EXERCISE
Please reproduce the listing word for word. Pictures stay out.

*** Opening DATA SECTION ***

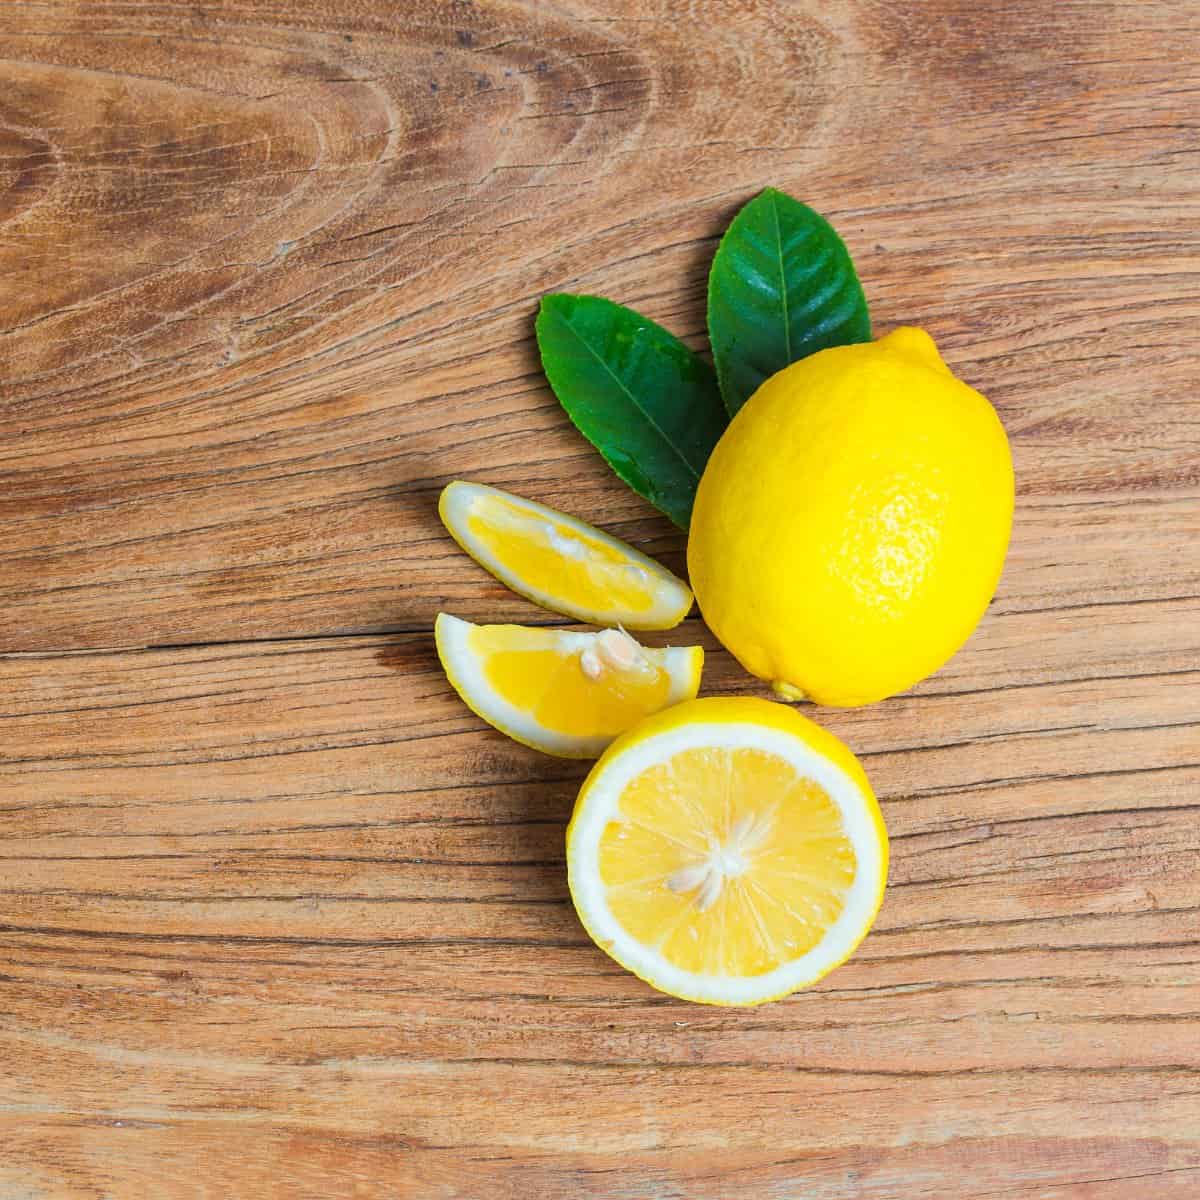 How to cook with lemons
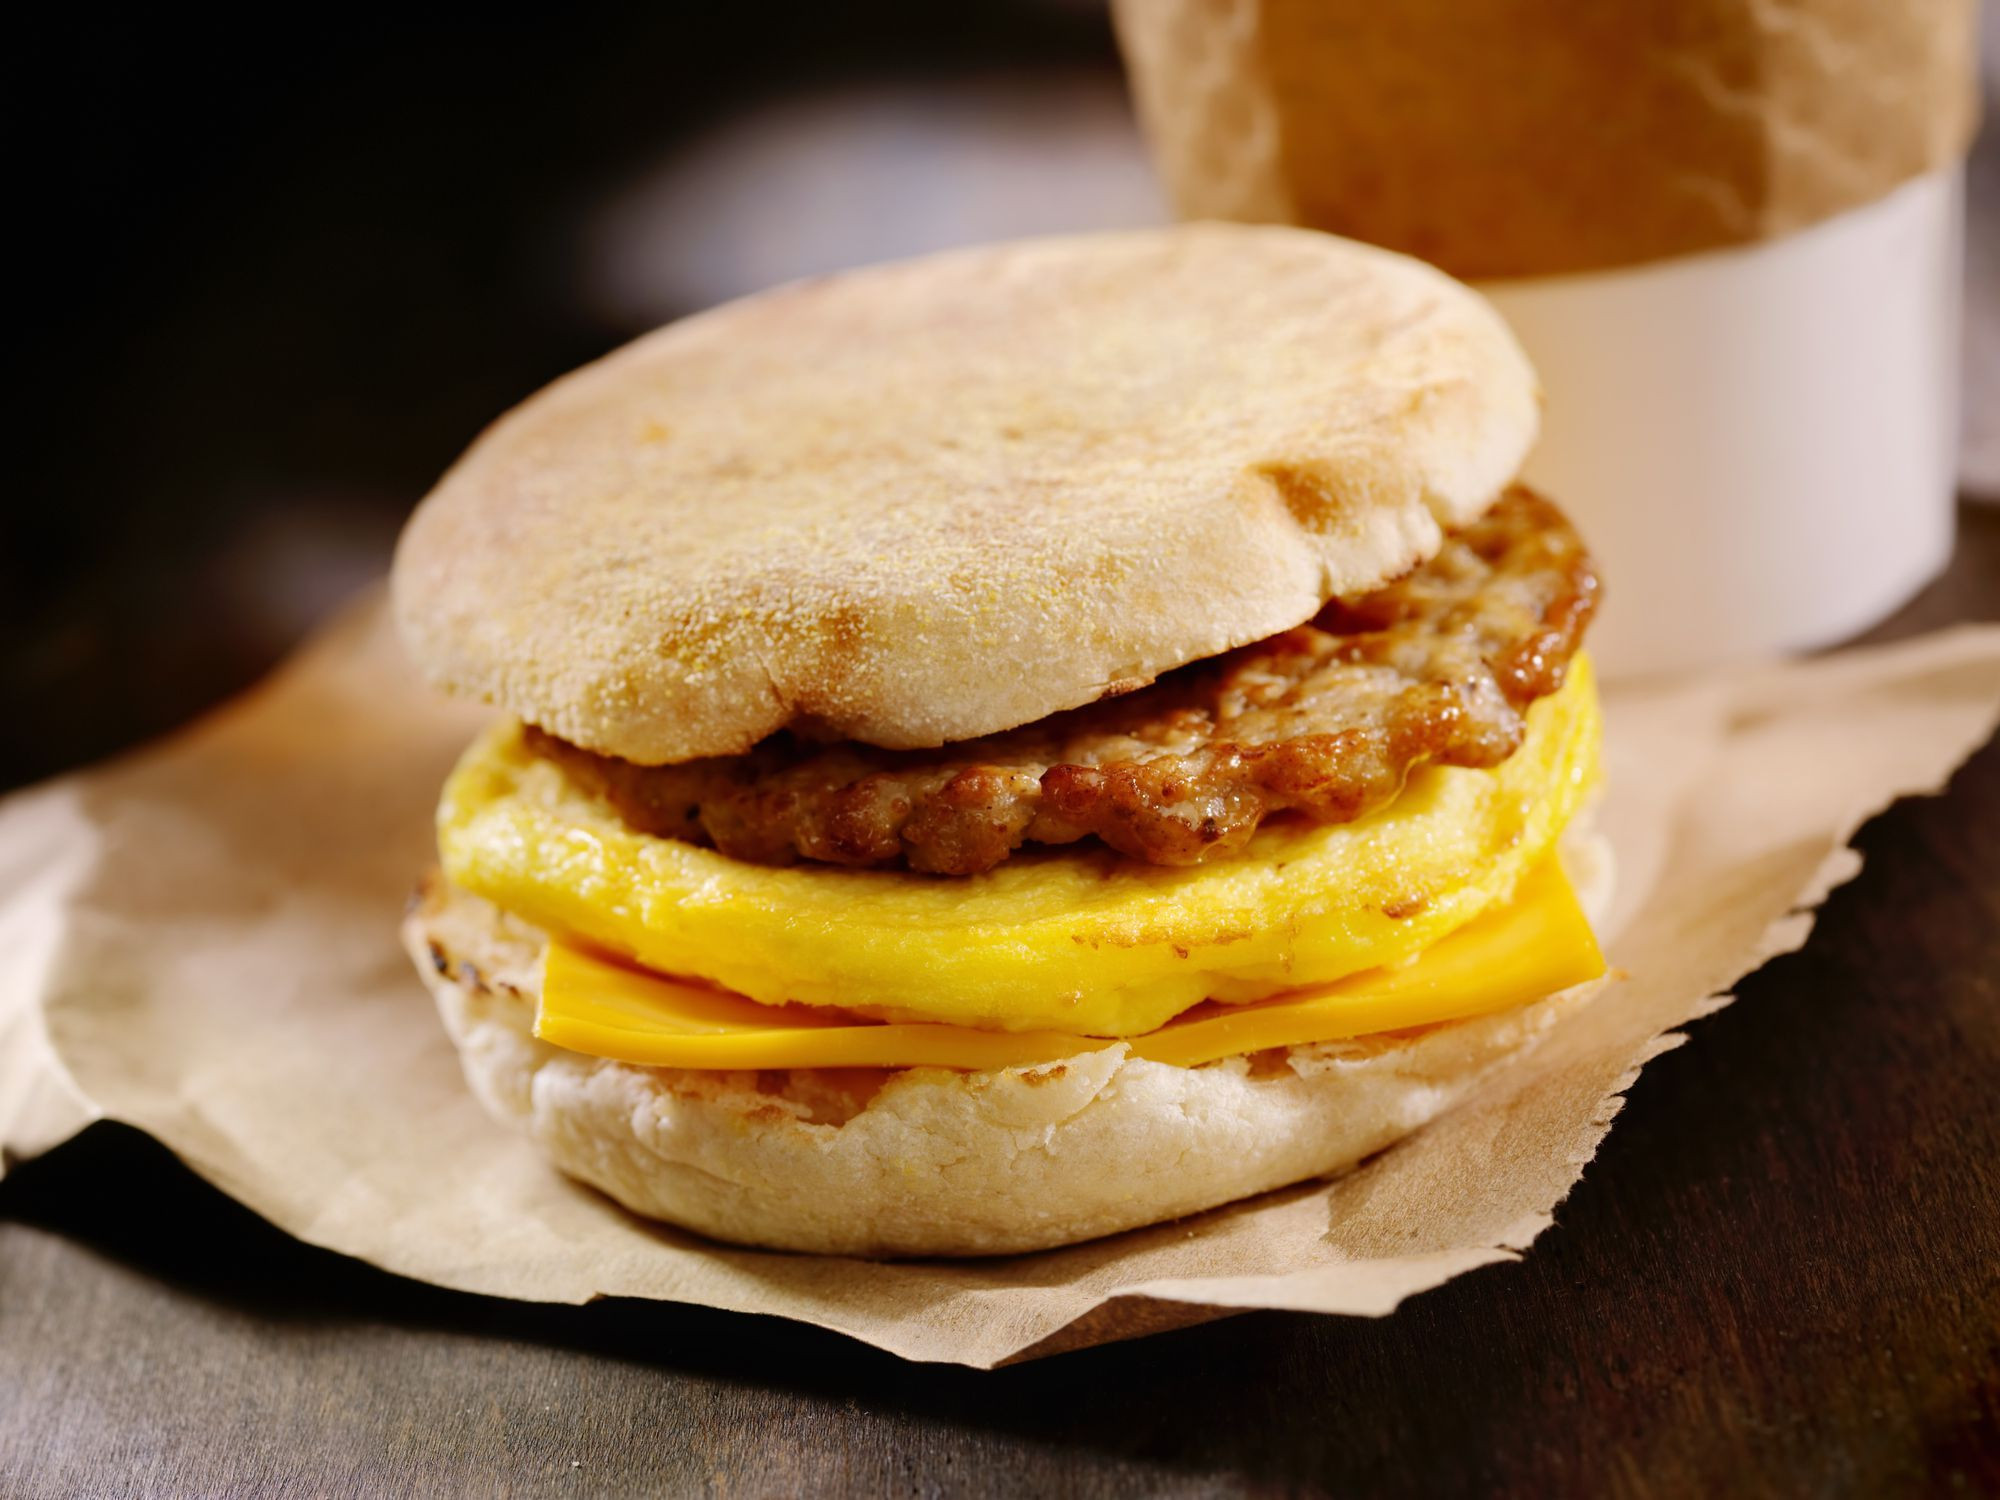 Healthy Breakfast Fast Food New The Healthiest Breakfast Options At Taco Bell Mcdonalds Of Healthy Breakfast Fast Food 
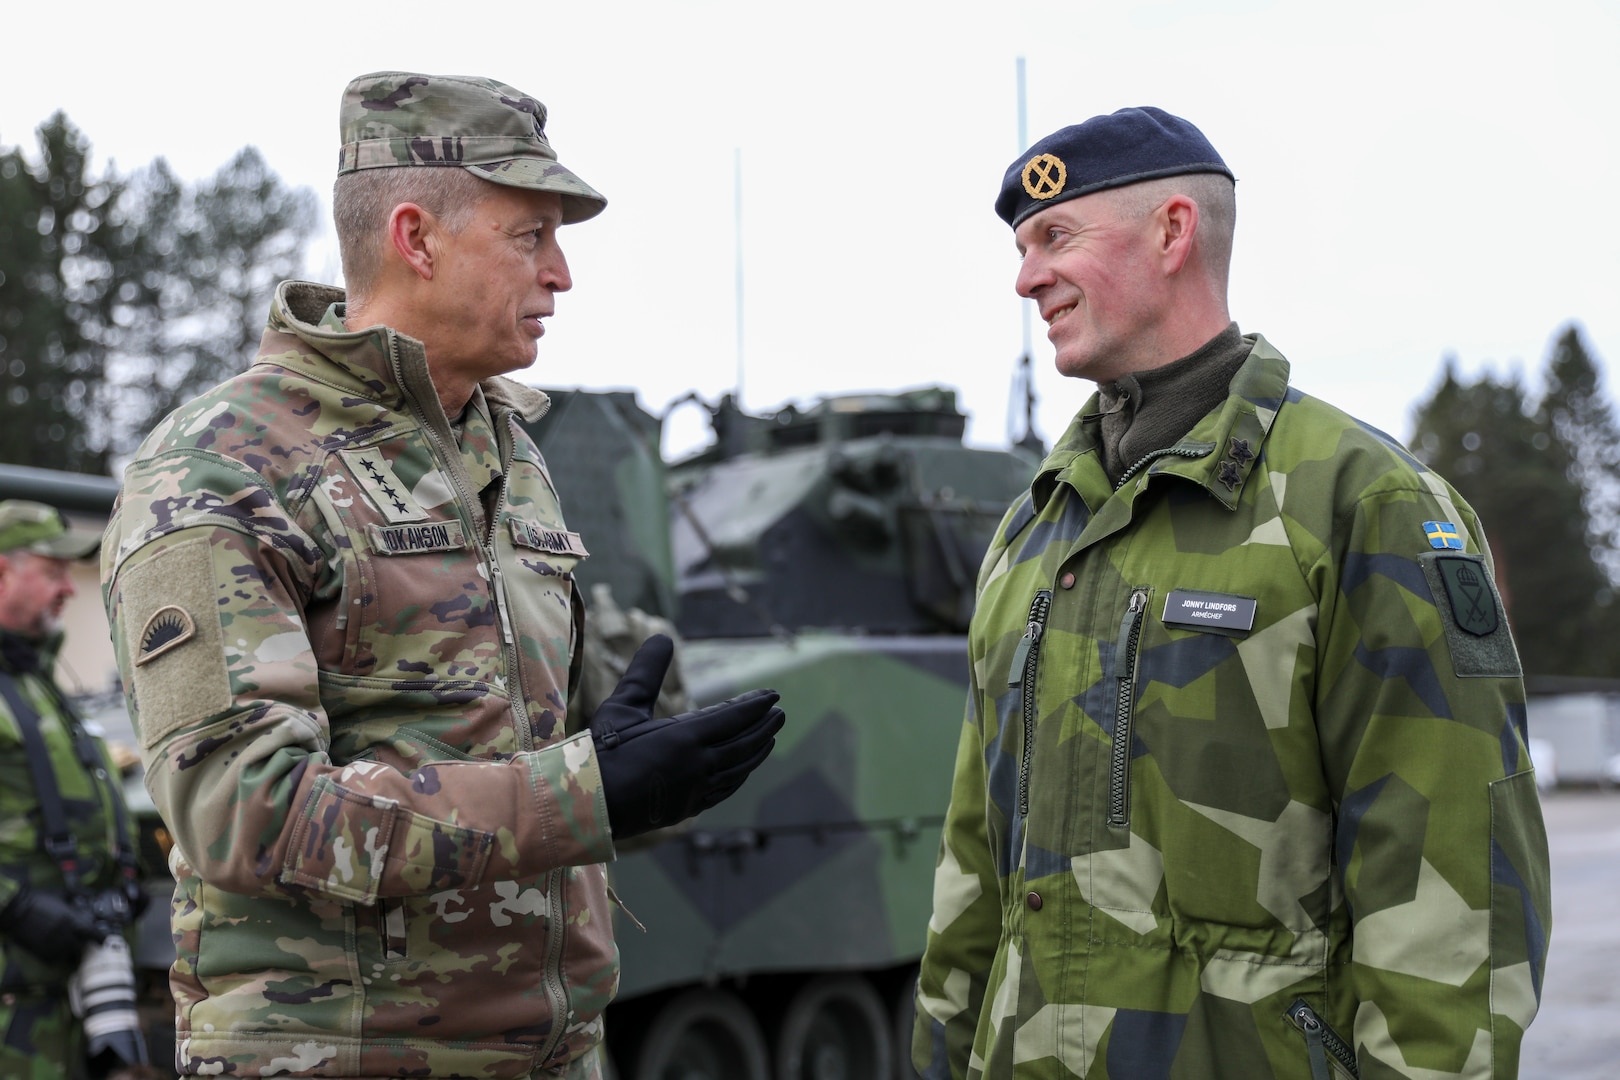 Army Gen. Daniel Hokanson, chief of the National Guard Bureau, meets with members of the Swedish Armed Forces in Boden, Sweden, Oct. 17, 2023. Hokanson visited Sweden as part of a larger Northern European itinerary for talks with defense officials to deepen bilateral ties between the National Guard and Sweden.
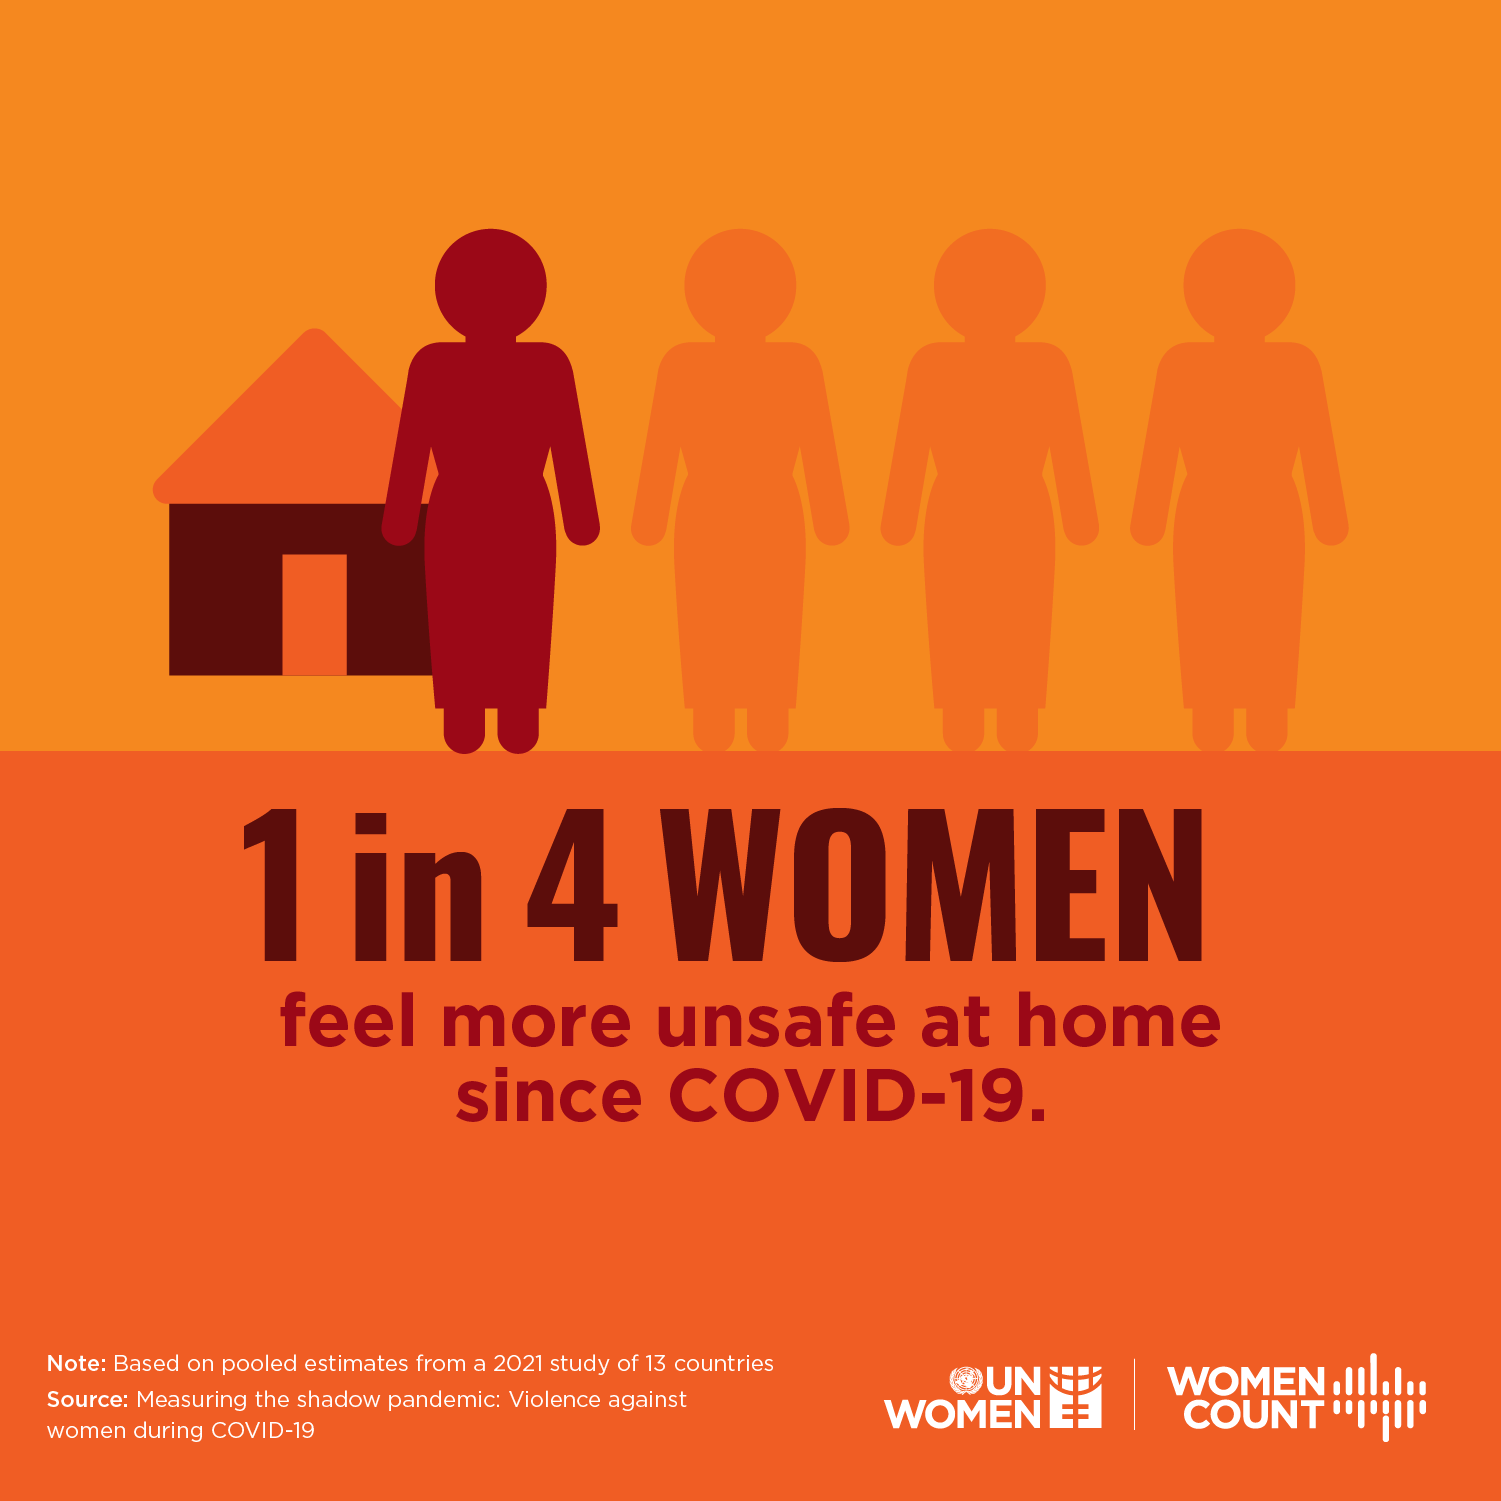 1 in 4 women feel more unsafe at home since COVID-19

*** Closing DATA SECTION ***

ANSWER BELOW
 How to cook with lemons
 Healthy Breakfast Fast Food New The Healthiest Breakfast Options At Taco Bell Mcdonalds Of Healthy Breakfast Fast Food 
 Army Gen. Daniel Hokanson, chief of the National Guard Bureau, meets with members of the Swedish Armed Forces in Boden, Sweden, Oct. 17, 2023. Hokanson visited Sweden as part of a larger Northern European itinerary for talks with defense officials to deepen bilateral ties between the National Guard and Sweden.
 1 in 4 women feel more unsafe at home since COVID-19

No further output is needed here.